Dataset content ▸
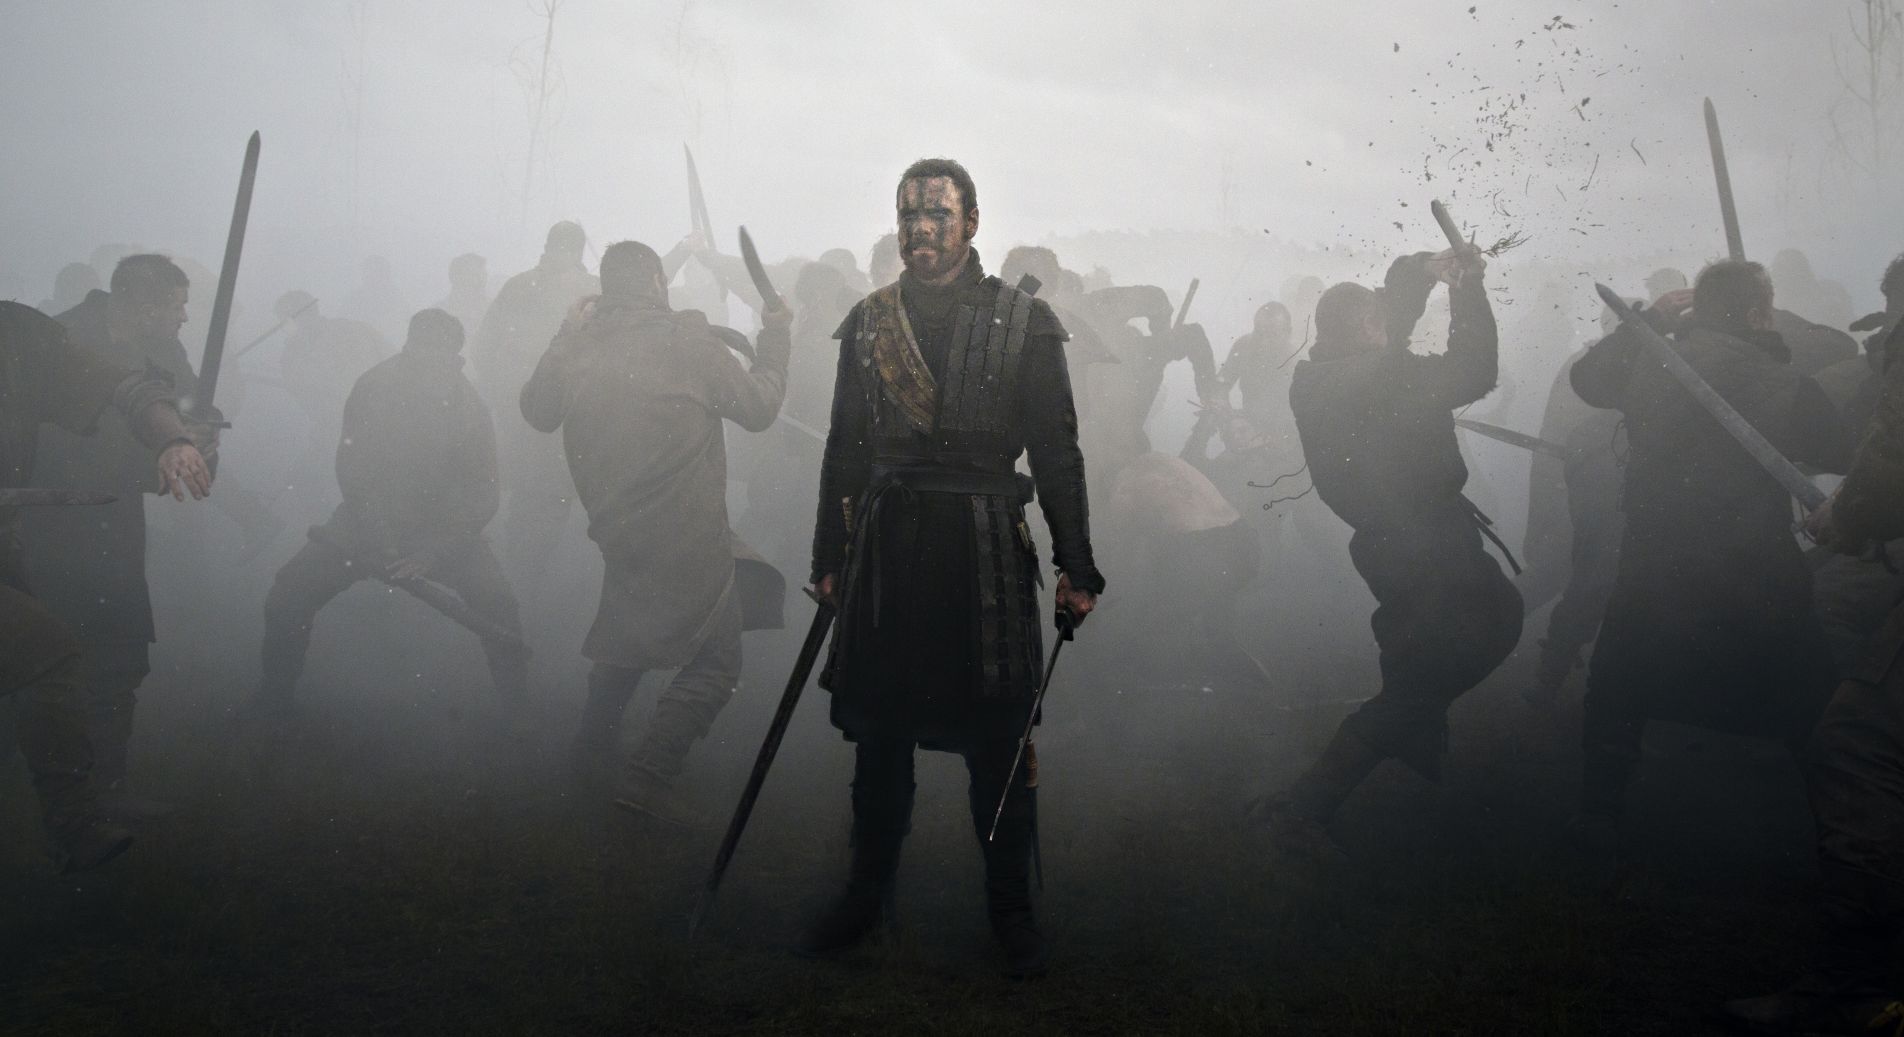 Battle scene with Fassbender in Macbeth
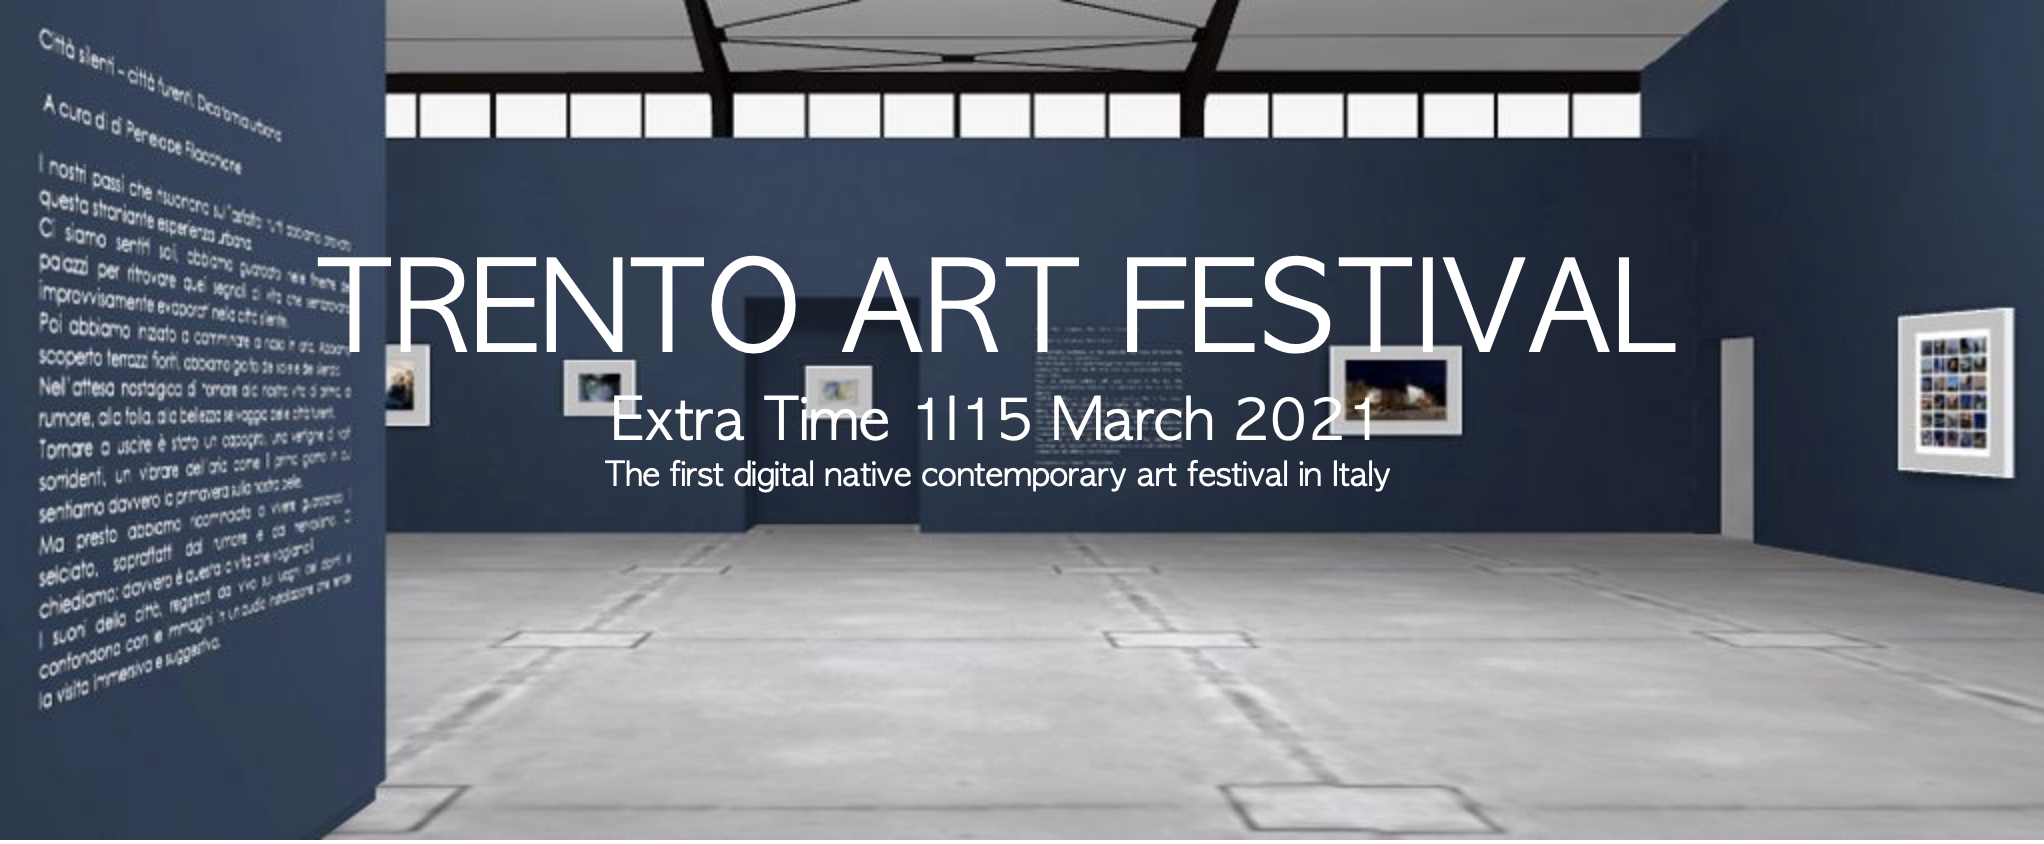 Trento Art Festival: Gewinner ausgewählt
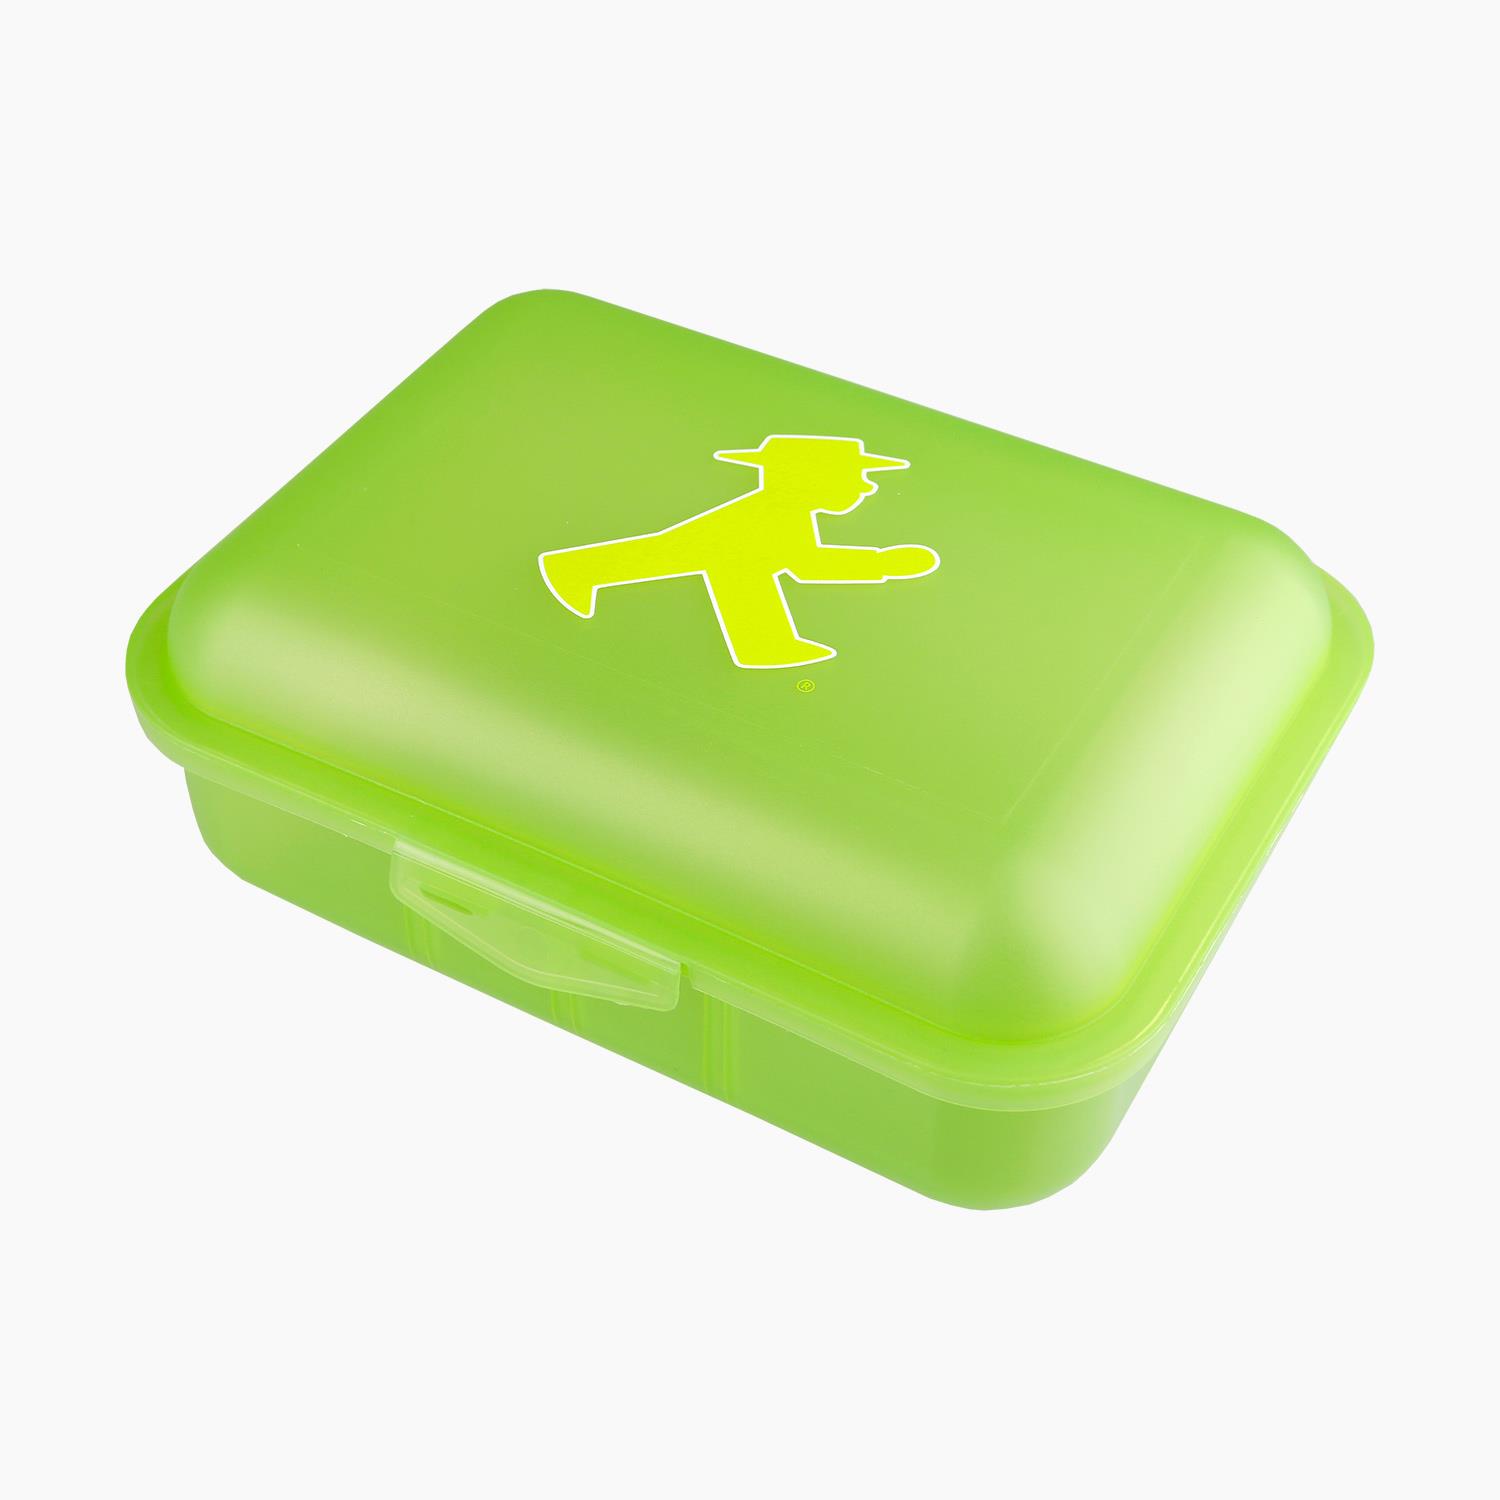 PAUSIERER green/ Lunch Box

About this exercise ▸ Every line of the material must be repeated exactly; pictures stay out.

Answer to this problem ▸
 Battle scene with Fassbender in Macbeth
 Trento Art Festival: Gewinner ausgewählt
 PAUSIERER green/ Lunch Box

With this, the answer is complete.